The definition of rescoped optical specifications targeting cost-sensitive data center applications could reduce optical module costs even further. This “data center reach” module would trade off slightly reduced optical specs and link lengths (e.g., 30 m on OM2 fiber and 100 m on OM3 fiber, long enough for most data center applications) in return for the markedly reduced costs (up to 50% lower) that would result from simplified design, higher yields, and reduced manufacturing testing costs. The result would be a nonstandard optical interface, but the idea has been relatively well received by industry participants.
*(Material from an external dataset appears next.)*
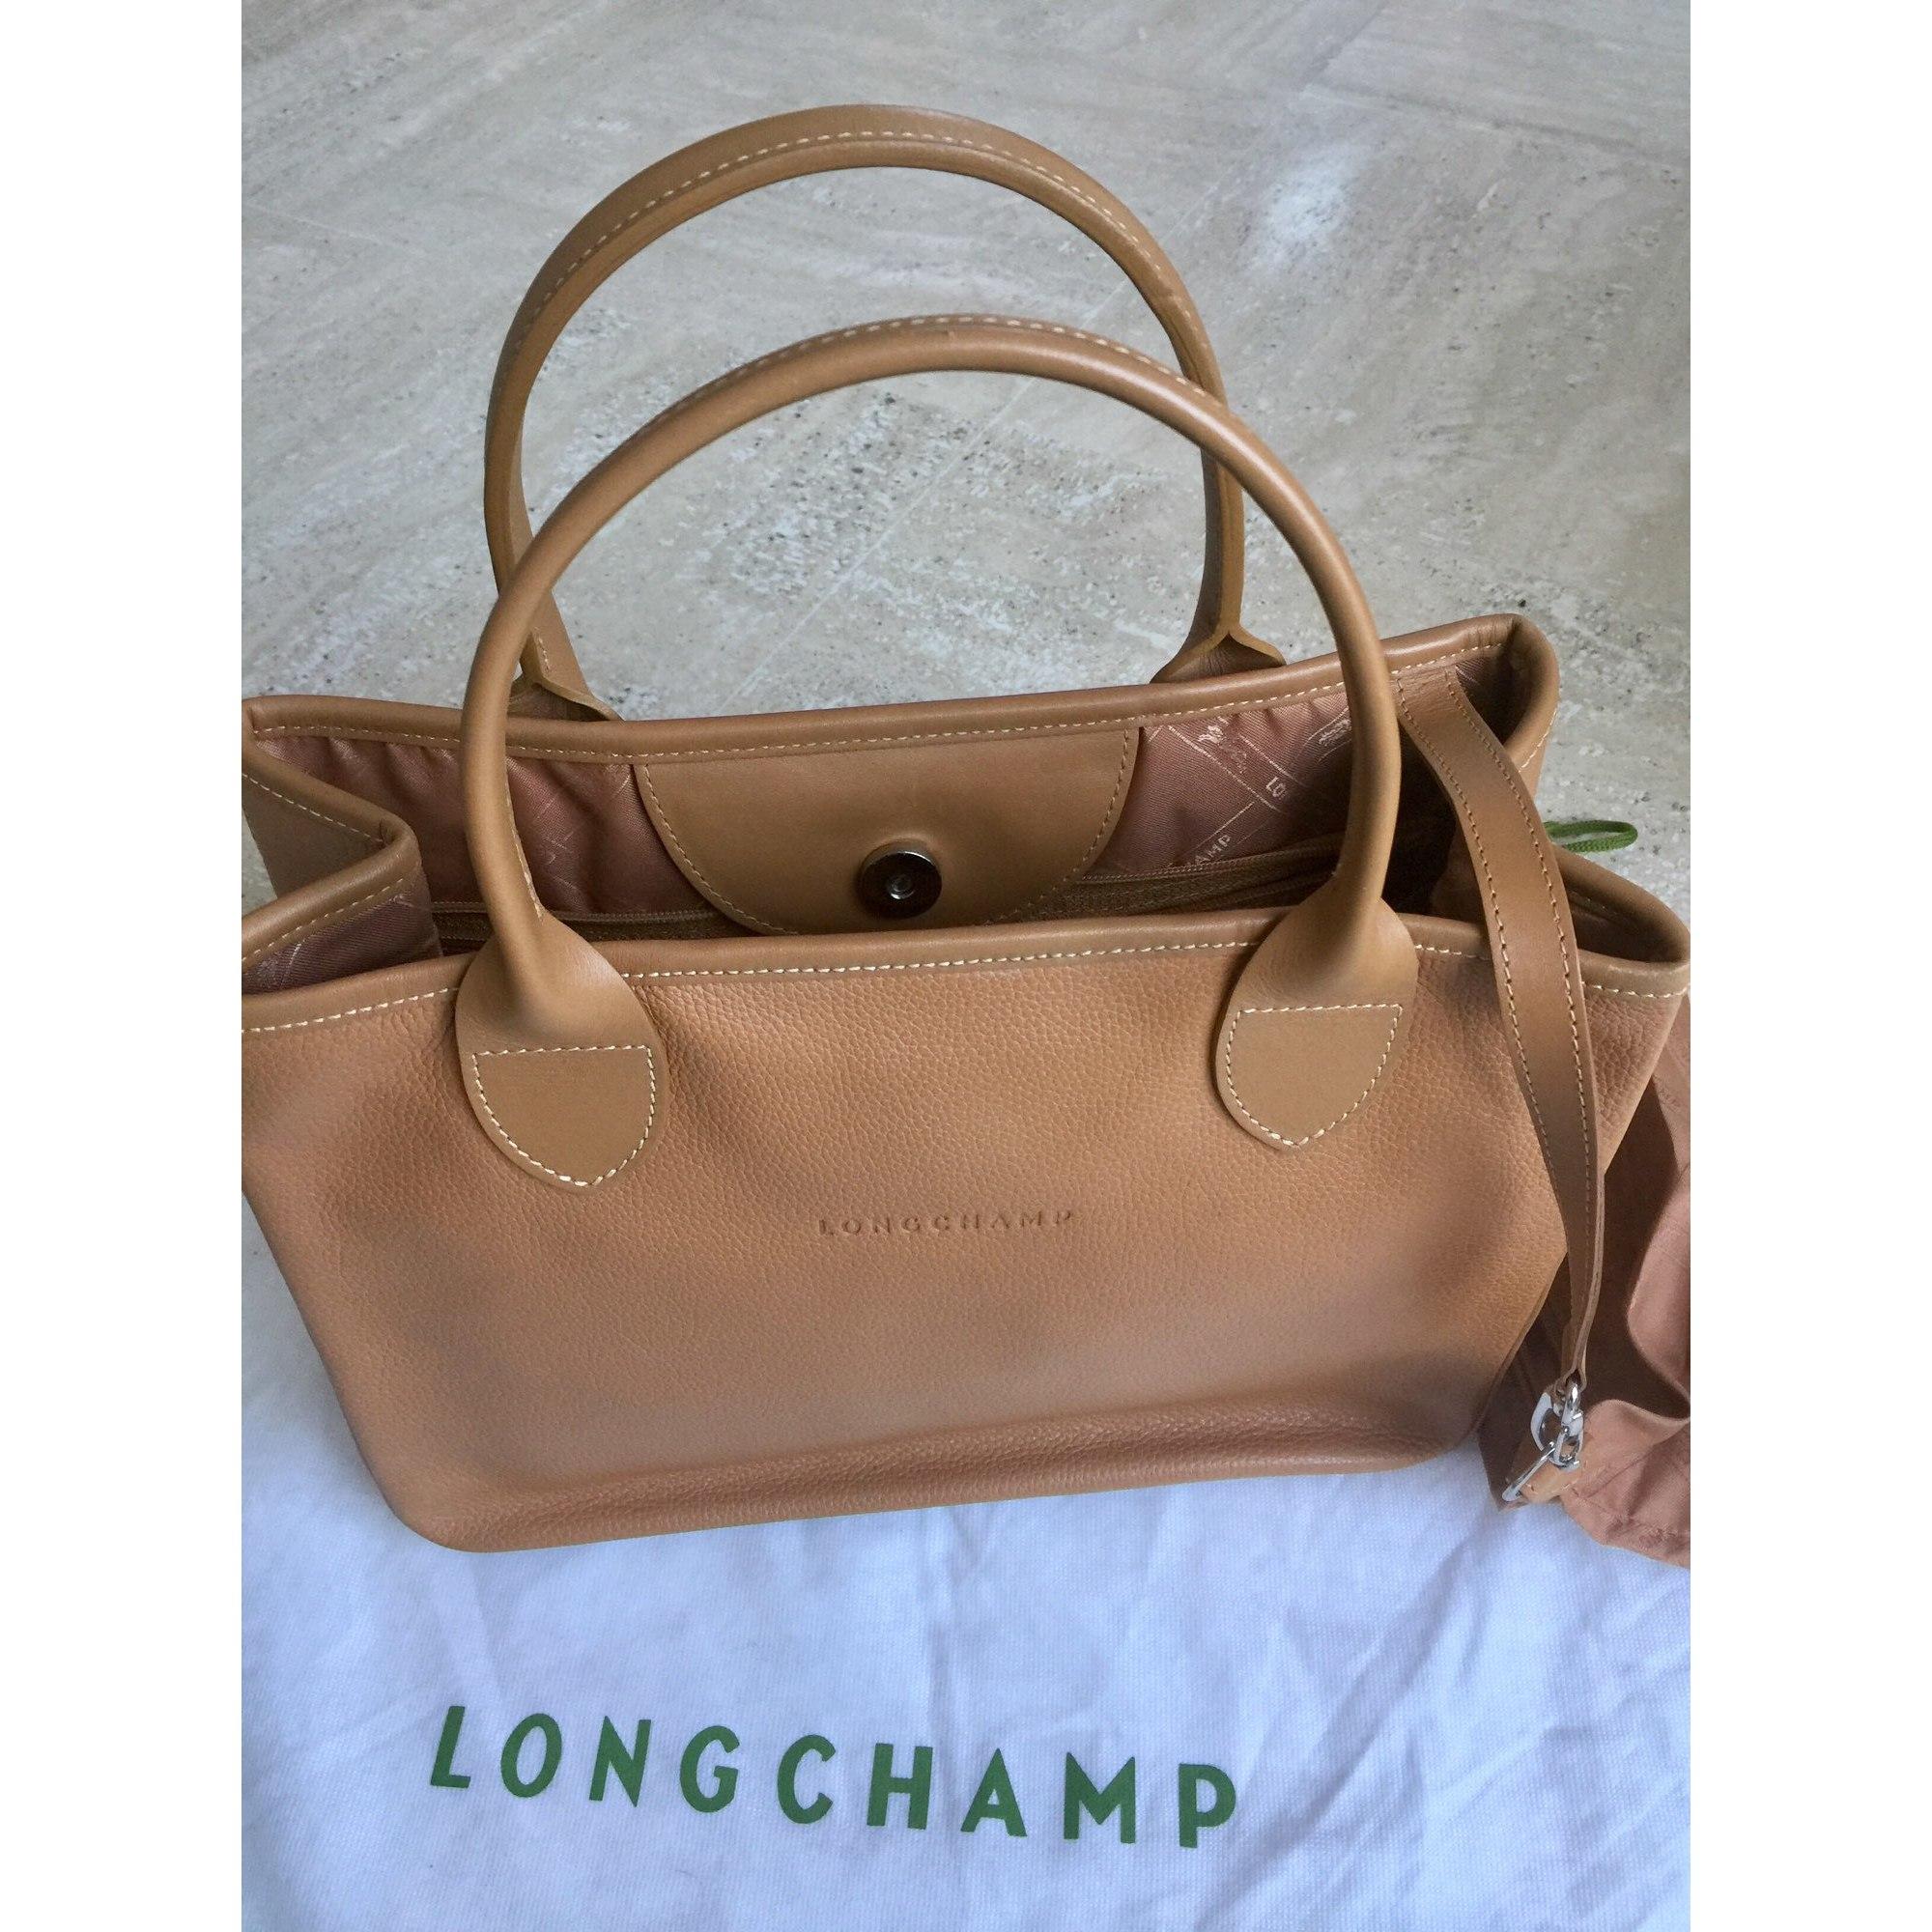 eb2dc03566c8c Sac à main en cuir LONGCHAMP beige vendu par Lydie 1034 - 7570538

The SFP+ is not a magic bullet for 10-Gigabit Ethernet conversion; innovation in optics, silicon, and module design must continue to move optical transceivers down the cost curve. What the architecture choice can do is help 10-Gbit/sec get on the right curve-in this case, the same types of cost and volume curves as Gigabit Ethernet. SFP+ will enable high-volume 10-Gbit/sec production and offer the lowest cost, highest density optical module architecture available; it is expected to be the “end game” optical transceiver for 10-Gbit/sec.

The industry has already shown significant interest in SFP+ and its value propositions, with multiple vendors planning initial releases in 2007. System vendors are expected to move to SFP+ over the next 1 to 2 years to realize the commercial promise of 10-Gbit/sec, as industry observers start looking ahead to even higher connectivity speeds in the future.

Scott Schube is strategic marketing manager for enterprise products for Intel’s Optical Platform Division (www.intel.com), which makes high-speed optical transceivers for the datacom and telecom markets.